Yep, I remember him. I can barely remember anyone's names and I got Namiki sensei almost every time but I remembered Sugiyama sensei's face at least when I saw the video. I think I only ever got personally corrected off him a couple of times, but the feeling of power lingers in my brain. I was a complete beginner in this kind of aikido when I arrived. I only had a couple of years and a 5th kyu in Aikikai-esque (but independent) aikido from my uni club previously and I went down to 10th kyu when I started Seifukai. Unfortunately, I never graded the whole time I was there, since they were always on weekends which I had to work. I had some good times though even if I got a bit confused with all the differences.

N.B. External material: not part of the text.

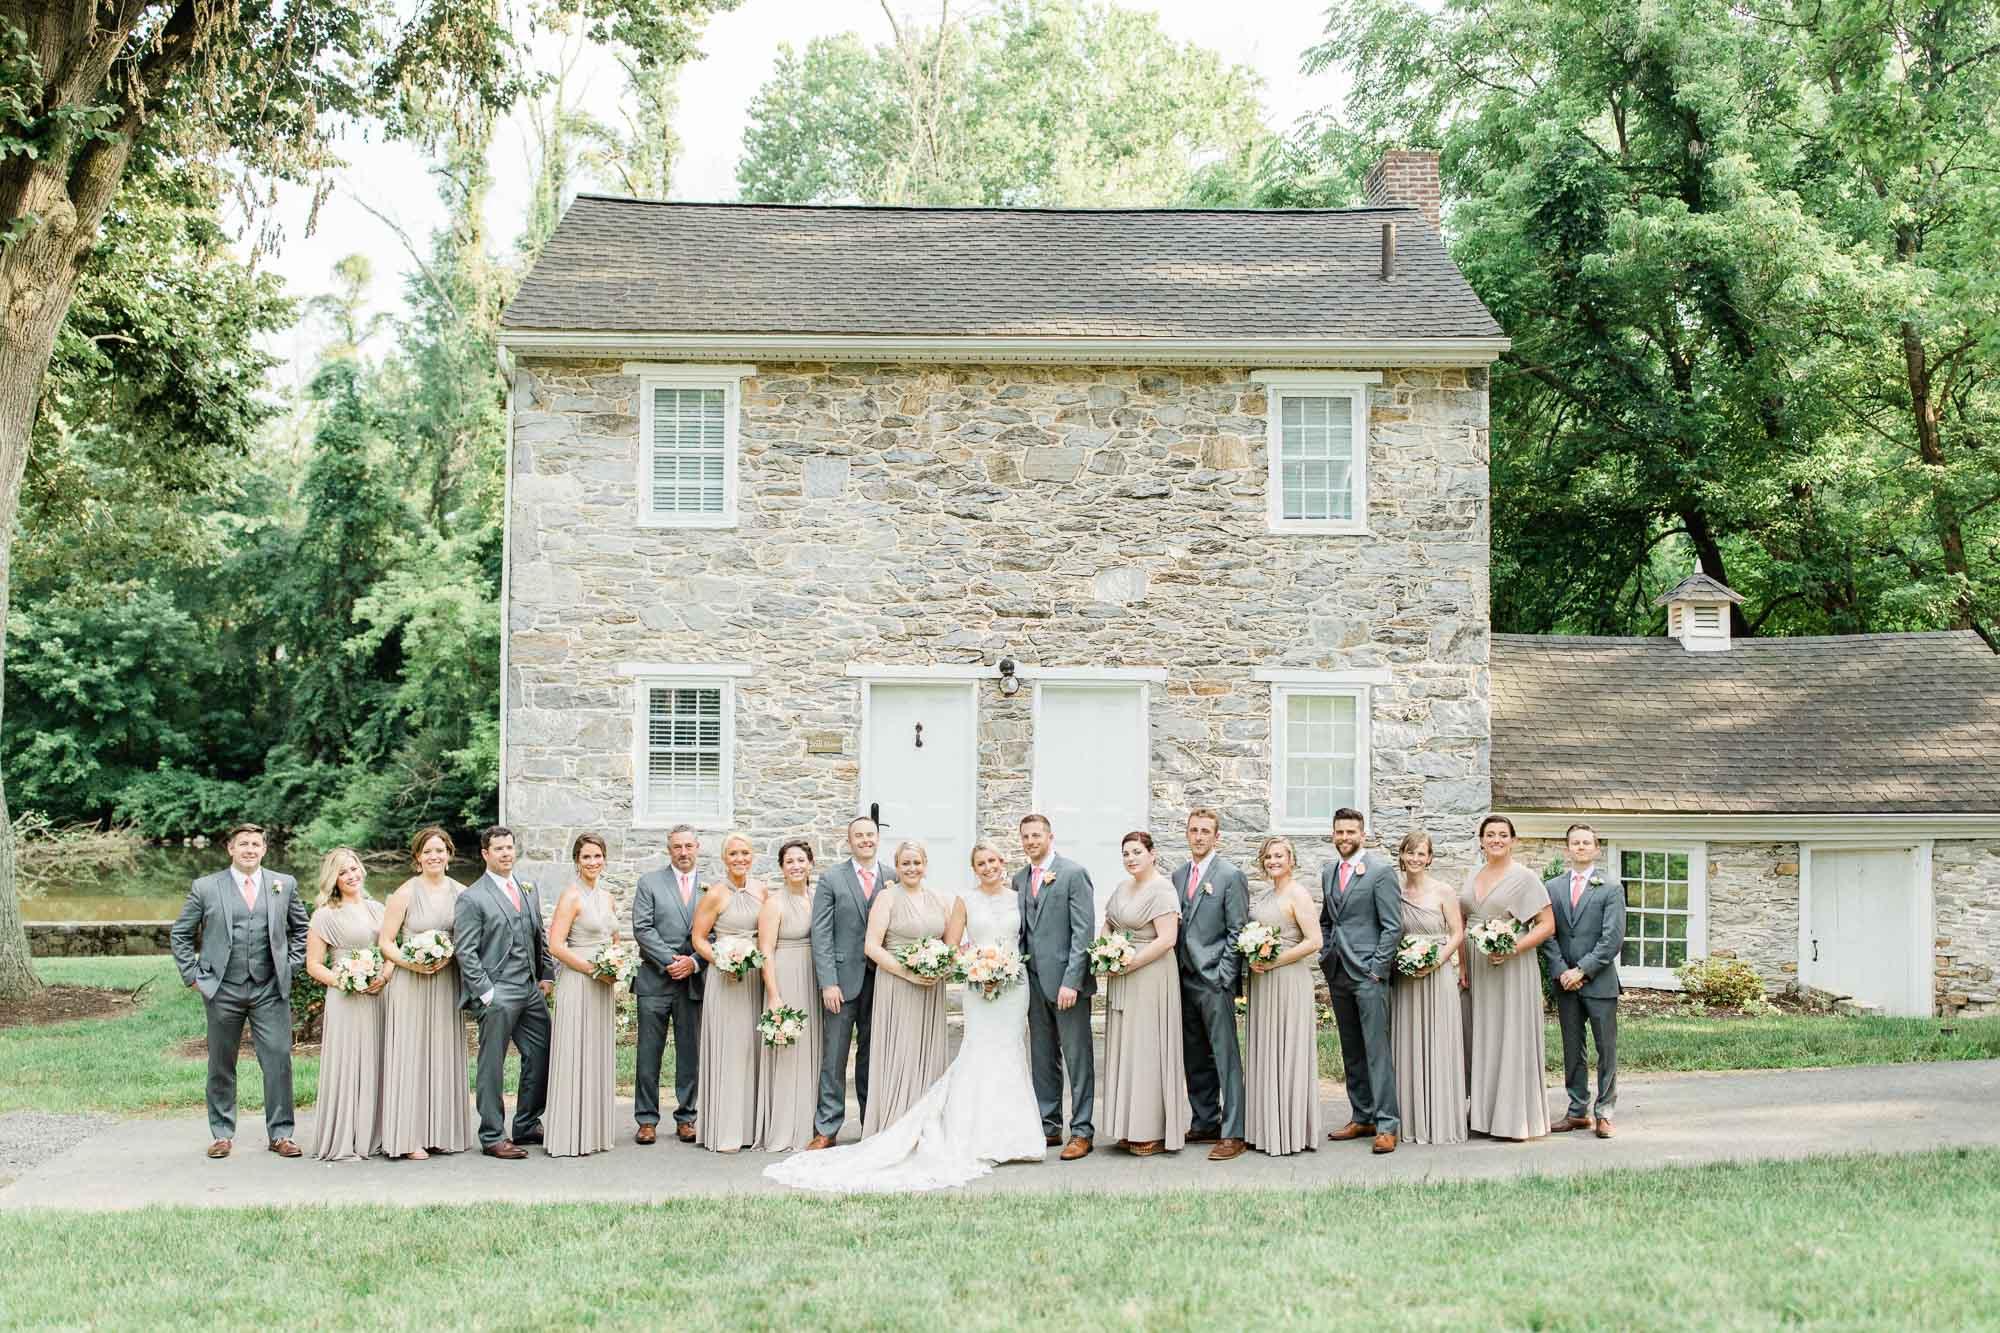 Allenberry-resort-historic-pennsylvania-wedding-10230.jpg

I hadn't searched for ages but I just found they have a new website.
This is Namiki Sensei:
There are plenty of other familiar faces in there too, but I think you'll be able to better put names to faces than me. I trained a lot with the slim, dark Brazilian guy but could barely talk to him in Japanese, let alone Portuguese.
06-06-2008, 10:55 AM
Thanks for the picture. I remember Namiki Sensei's face, but never knew his name. He came around the hombu dojo from time to time but he wasn't one of the regulars there.
Best to you.
08-12-2008, 09:16 PM
Hi!!!!Look this videos
11-10-2008, 05:02 PM
Sorry for the bad news, but just today this fact was reported to us by our Master, a close friend of Tezuka sensei
Yesterday Tezuka Akira sensei passed away. He was one of the faithful uchi deshi of Mochizuki Minoru sensei and practised with energy at the old Yoseikan Dojo in Shizuoka. He strongly believed in Budo and tradition and preserved them through the years with his everyday practise. He continued Master Mochizuki's work in Shizuoka Yoseikan dojo with the Budo Seifukai. He left a big gap in Yoseikan tradition
01-27-2009, 10:12 AM
Interesting video of Sensei Murai teaching...
05-01-2009, 07:19 AM
>>>I trained a lot with the slim, dark Brazilian guy but could barely talk to him in Japanese, let alone Portuguese.

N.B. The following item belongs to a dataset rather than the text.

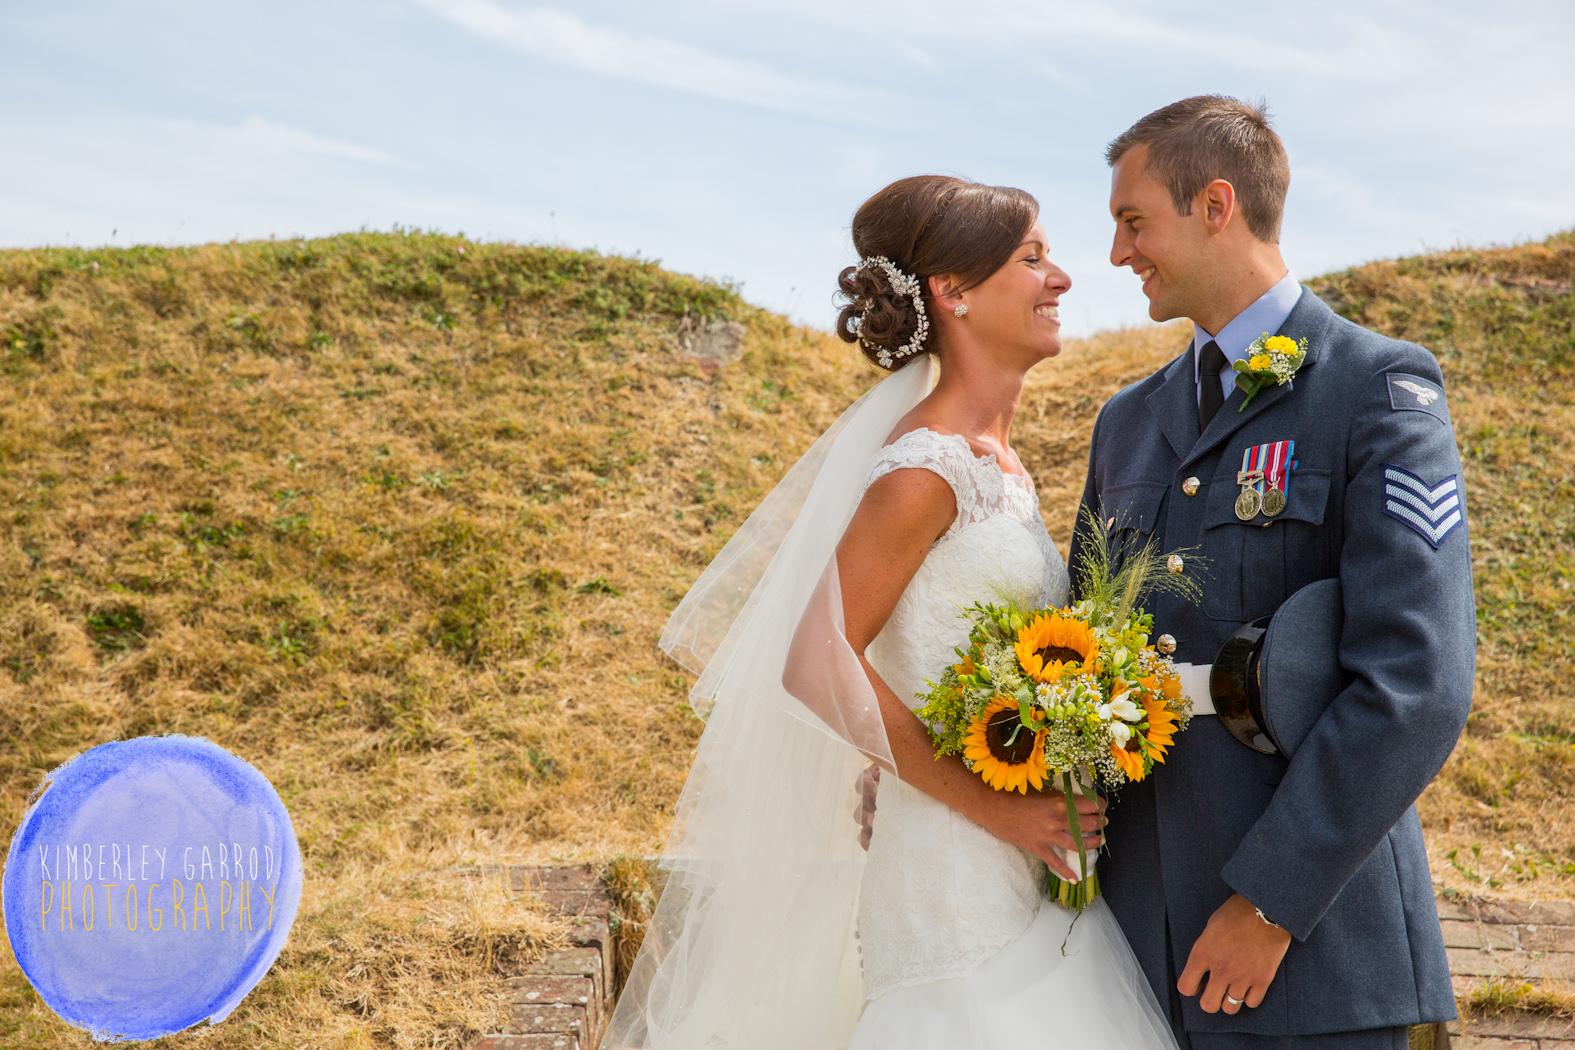 Royal Marines Museum Southsea Wedding Photographer Kimberley Garrod-9

That sounds like YAMAUCHI Masao, who posted to this thread with links to current Seifukai video. Another skilled Japanese Brazillian of Yoseikan and then Seifukai is KAWANISHI Isao, 3dan, who recently returned to Brazil. Pictured here are Namiki sensei, Sugiyama sensei, and Kawanishi about a month ago at Kawanishi's sayonara party.
05-01-2009, 07:18 PM
Thanks for the info. I ended up transferring back to Hamamatsu and have been training with Chris Farnham who started this thread. We tried a few local Aikikai dojos of varying quality and finally ended up with a group of "Aiki-Ronin" near Shizudai. I'm afraid I haven't had time to do that and fit in restarting Seifukai.

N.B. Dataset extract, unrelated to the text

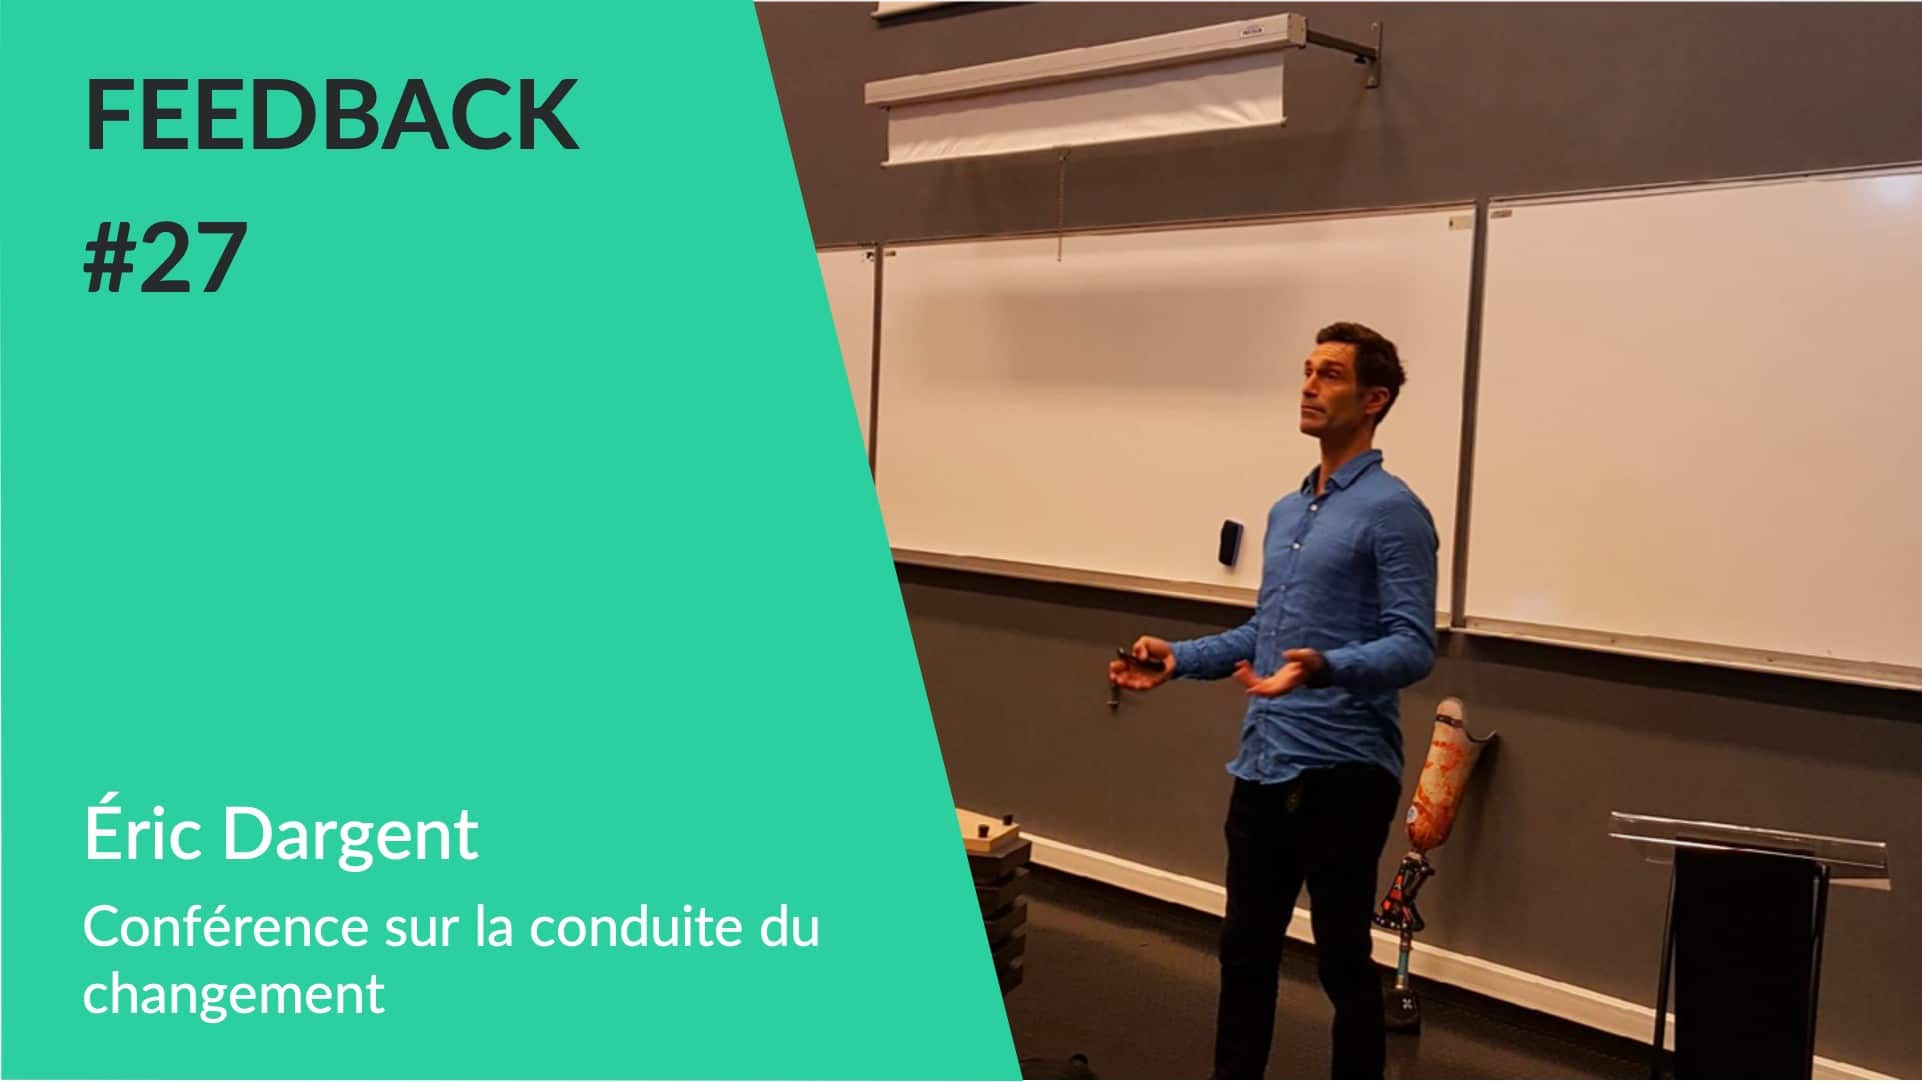 Feedback - Conférence conduite du changement Eric Dargent

I actually called by Hamamatsu Budokan a couple of months ago and briefly spoke to you while I was talking with Namiki sensei (Sugiyama sensei was teaching the class). I remembered you as my occasional "English life-line" and I think I owe you some thanks for the help you gave me about six years ago. If you ever want to catch up, just send me a PM. It was actually quite strange and very satisfying to have my first proper conversation ever with Namiki Sensei whom I could now understand. I also met the big Brazilian Jorge in my local supermarket a while back and he was giving me big slaps on the back and congratulating me on my newfound ability to communicate.
I'm afraid I will be leaving Hamamatsu again once my contract ends in a couple of months, so I'm unlikely to restart Seifukai. Is there any option to just train once or twice as a visitor rather than becoming a full member?
PS: If you're staying in town for Golden Week, have a great time at Hamamatsu Matsuri!